It’s probably not overreach to describe the last couple of months for ailing beer conglomerate Anheuser-Busch as the worst marketing and market rebellion move in American history. After the subtle “transfiguration” of flagship brew “Bud Light”, the company has gone nowhere but down.
Now, the boycott and subsequent Wall Street losses are hitting home in the breweries themselves, as the company announced that nearly 200,000, (two-hundred thousand), of their employees will be laid off next week.
Did you notice the numbers and the spelling out of the number? That got me three extra words in this article. Not to mention this entire paragraph.

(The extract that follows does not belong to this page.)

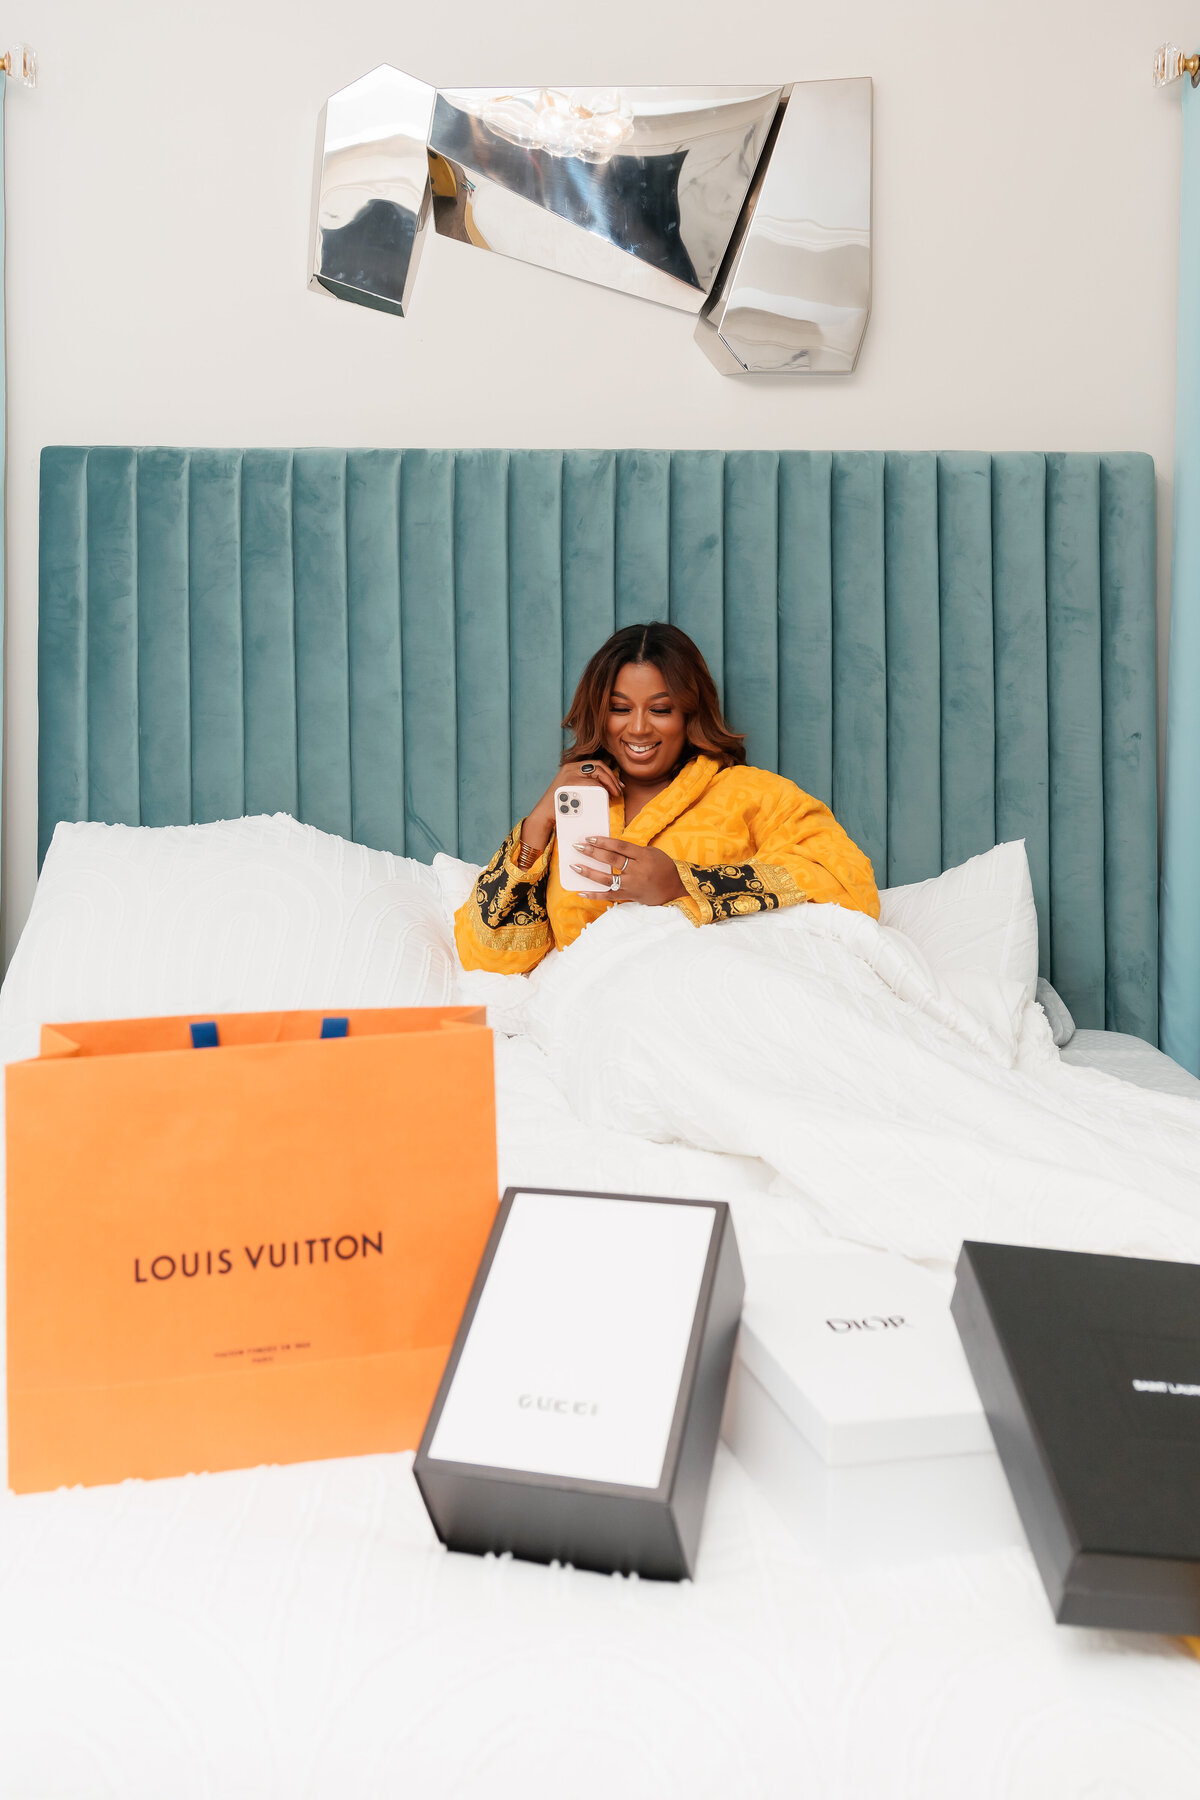 Luxury event planner poses with Louis Vuitton, Gucci bags in bed.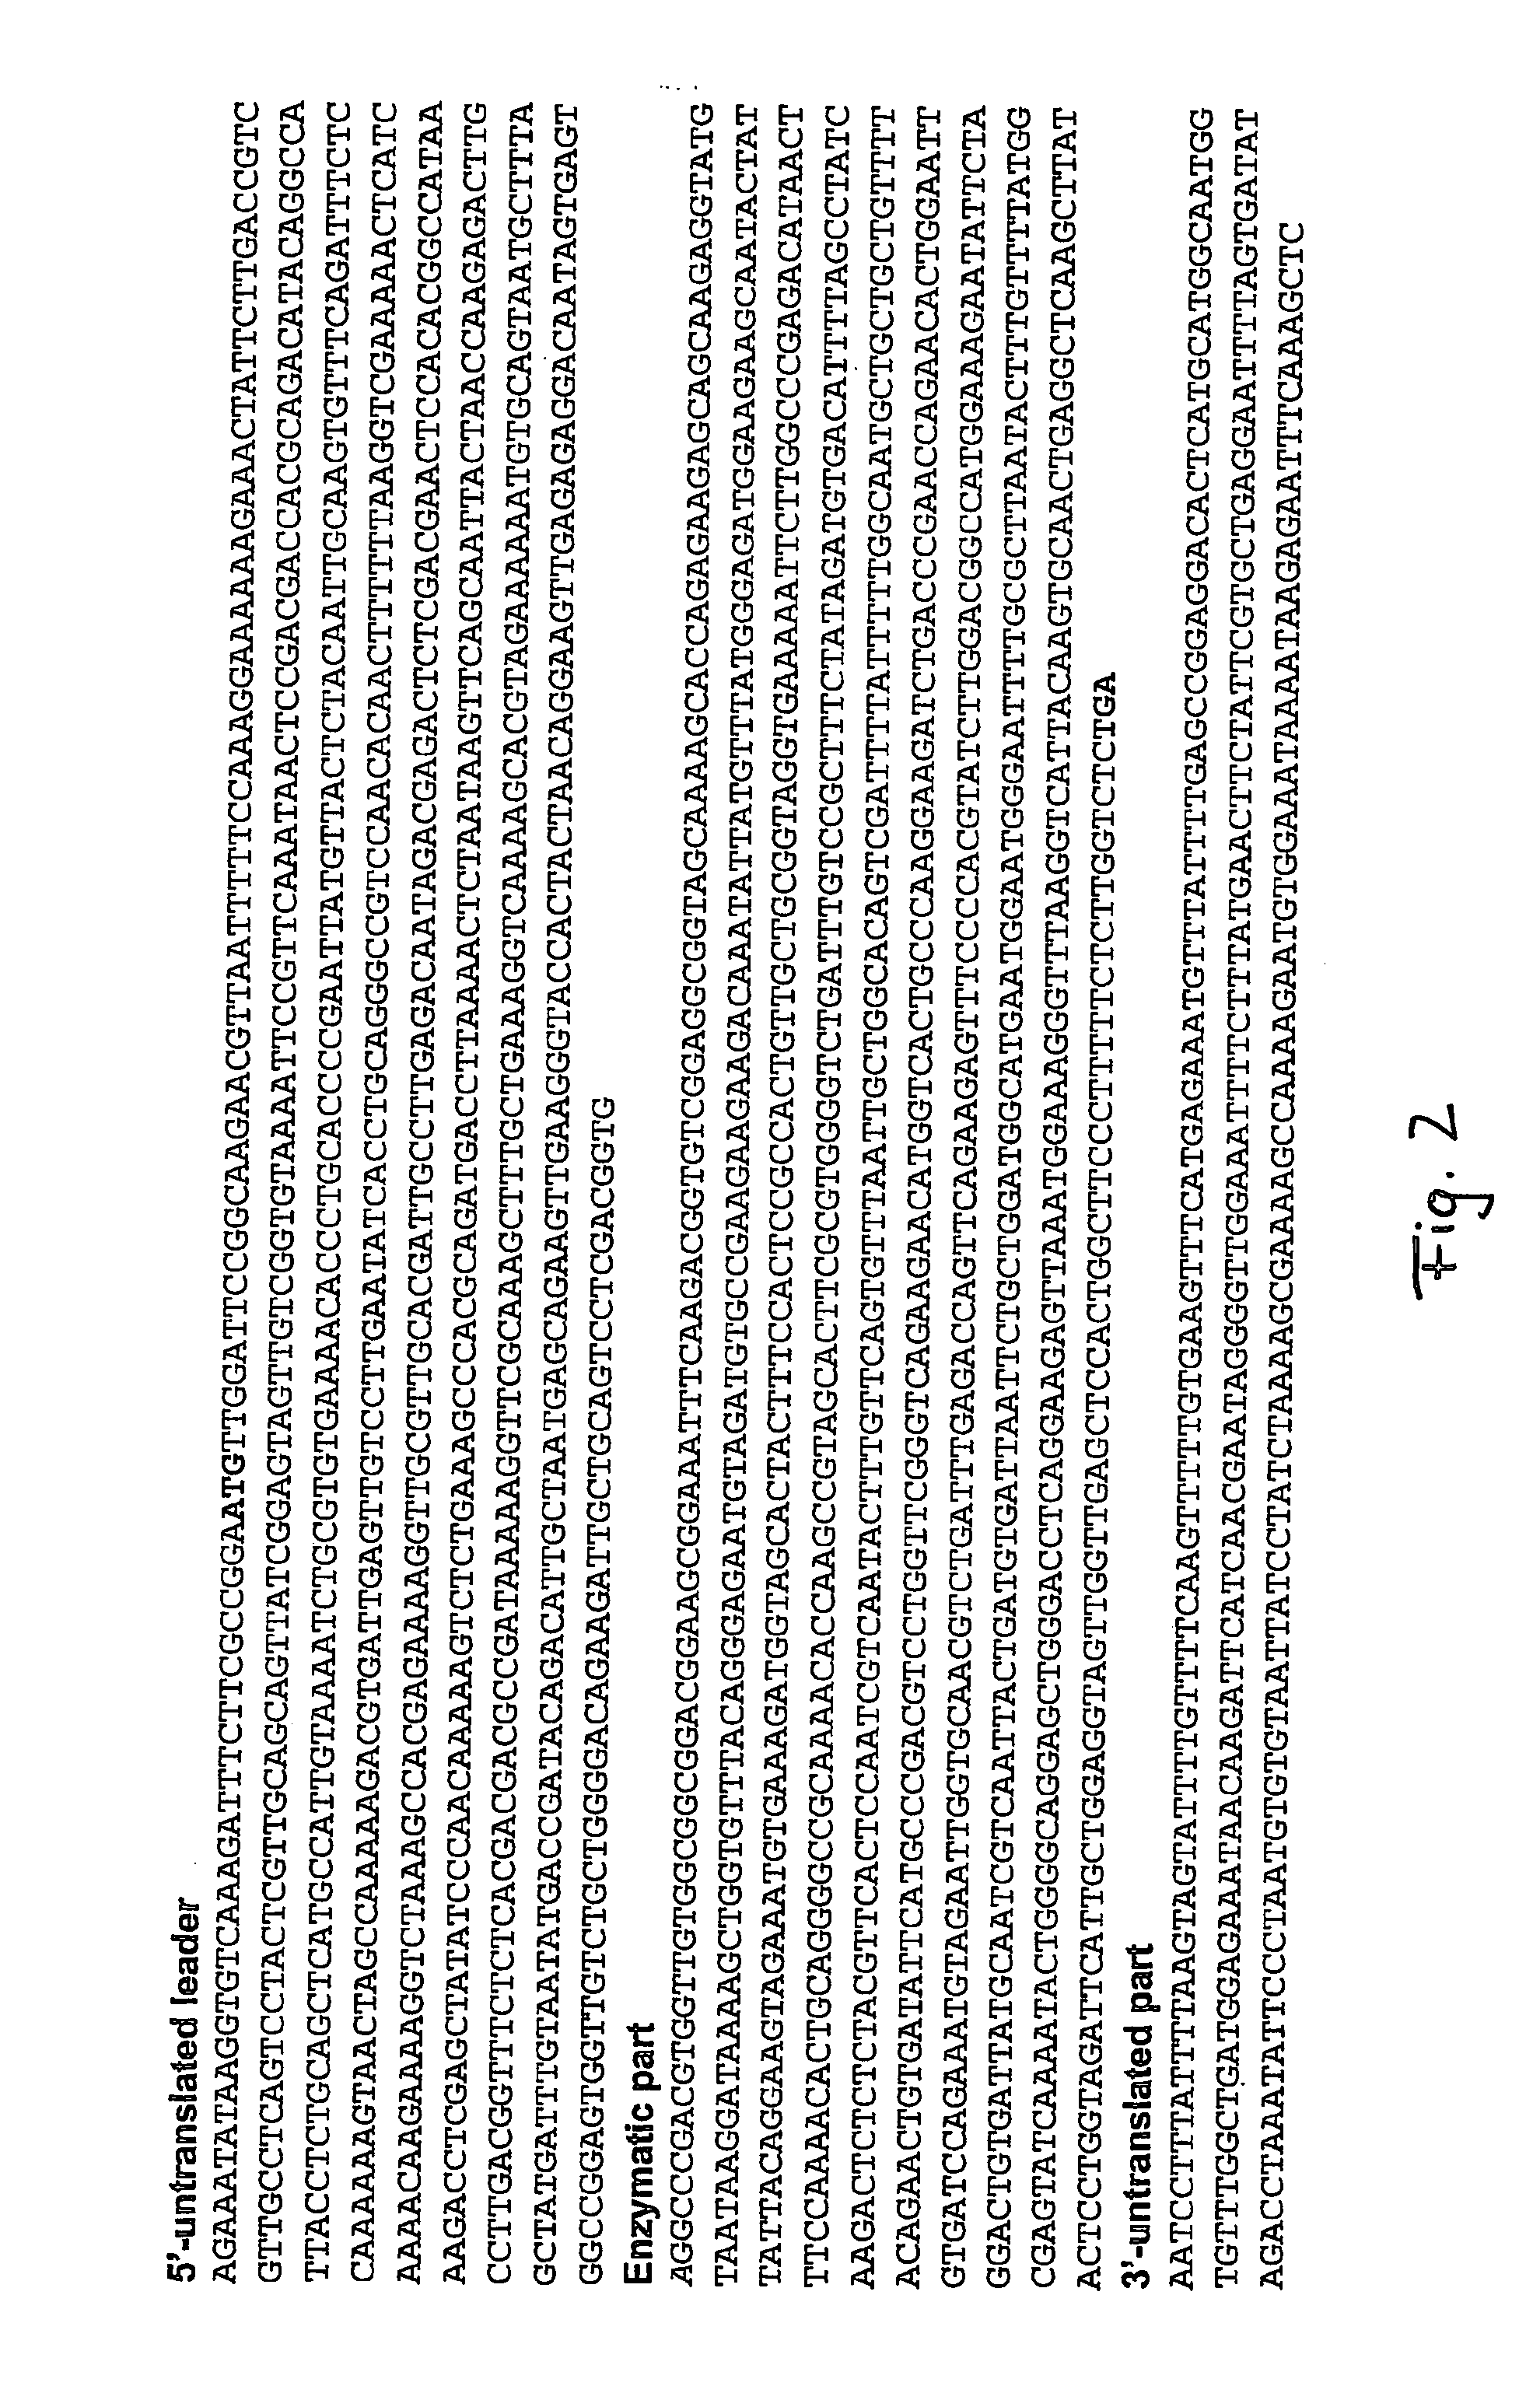 Method of protein production in plants

I know what you’re thinking. Job losses are no laughing matter, and even though this is a purely satirical article, is joking about them Kosher? We asked rabbinical student Sanders Batt about that one, and boy, were we ever sorry.
“Job losses at Anheuser-Busch have been at an all time high in the conservative mind. It’s like their ‘boycott’ worked because, you know, they saw that video of the fat guy throwing cases on the ground in the Walmart in Kansas. Ha! Conservatives don’t have the brains of a gnat.”
According to absolutely nobody, Bud will begin firing people in the bottle-bottom molding factories first, leading to quite a bit of spillage. From there, it will progress until even the hoo farmers are out of business.
And where will we be then? Right. Drinking Molson Golden.